Rising prices and inflation
No-one can have failed to predict the price increase with energy cap changes on 1 October, well that is except the government apparently. However, the massive international increase in gas prices (albeit the UK has some of the highest gas market prices in Europe), the rapid collapse of smaller energy providers, depleted gas reserves and the failure to rapidly expand green energy and invest in a sustainable home insulation programme will mean an increase of energy costs of up to 40%. This increase in prices will drive an extra half million people into fuel poverty.

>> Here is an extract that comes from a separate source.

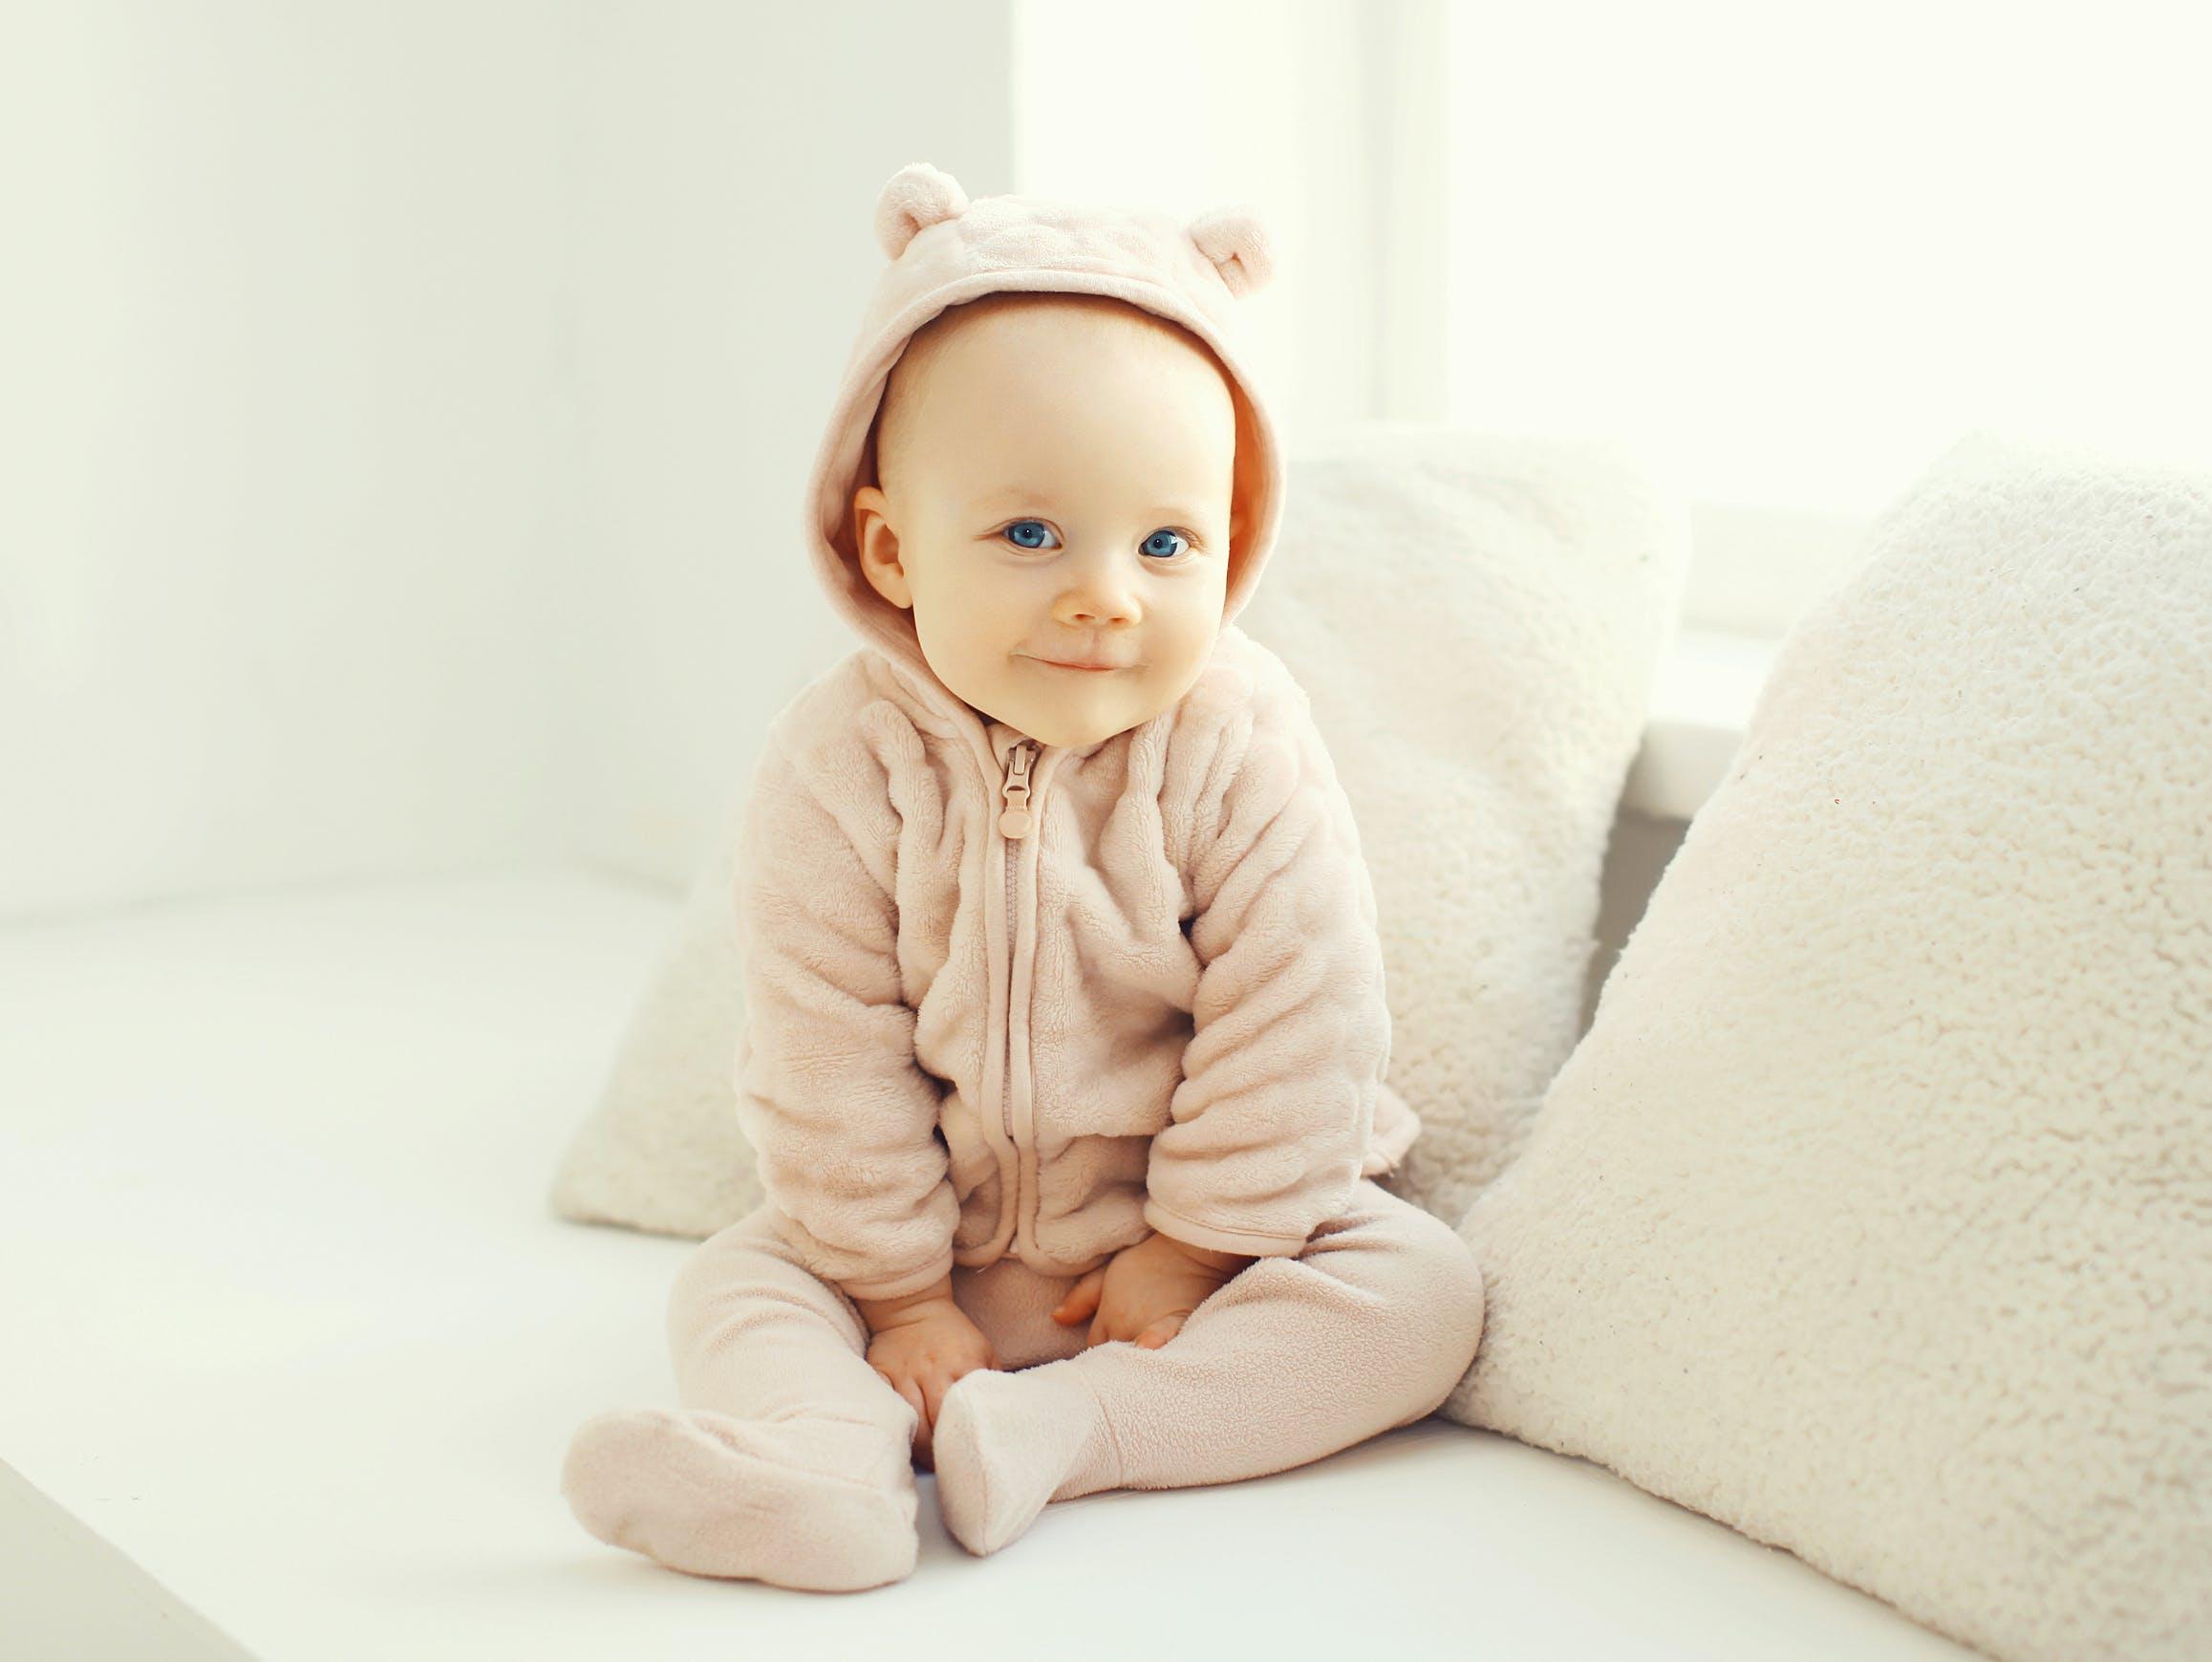 Animal names for babies.jpg?ixlib=rails 3.0
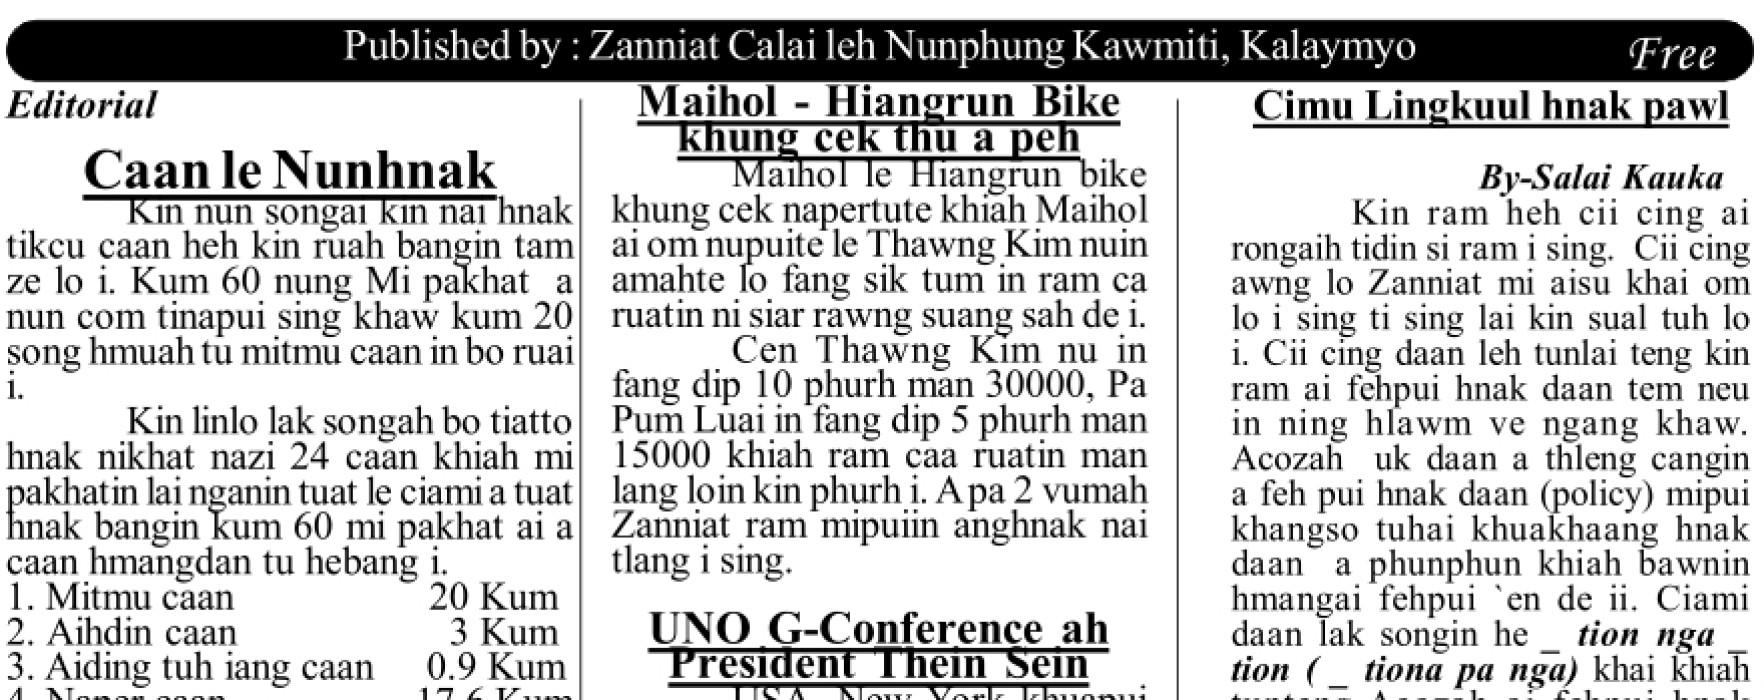 Lairawn Zanniat Auaw Vol-1 Issue-7 Oct 2012

In the last week, as the delivery driver crisis worsened, we saw more empty shelves in supermarkets and the inevitable shortages in some petrol stations. All of these hazards will lead to an increase in inflation, at a time when our poorest households are facing significant benefit cuts. UK inflation made its biggest jump on record in August 2021 (3.2% in August up from 2% in July). The public sector pay freeze (teachers, council staff, firefighters, police civil services and armed forces) imposed in November 2020 on1.3 million workers means an in-year cut for them; whilst the NHS workers 3% pay deal is more than erased by this jump in inflation.
People used to look forward to a brighter future but April 2022 will bring a1.25% increase in Employee National Insurance and the 1.25% increase in Employers National Insurance, a freeze on Income Tax thresholds, the (temporary) scrapping of the triple lock on pensions, and another review of the energy price cap.
Make no mistake, these are not a set of unrelated and unfortunate circumstances, but indicate the structural and political malaise within the UK government. It reacts to individual crises separately and refuses to recognise the connections between climate emergency, poverty and the impacts of Covid-19. It is the interventionist approaches where the state has been forced to take action, such as furlough, which have worked and provided protection.
It will be interesting to see how all of this rebounds politically and will it be petrol, rather than poverty or prices that will prove poisonous to the current government?
But winter is coming and there will be too many people outside the castle walls.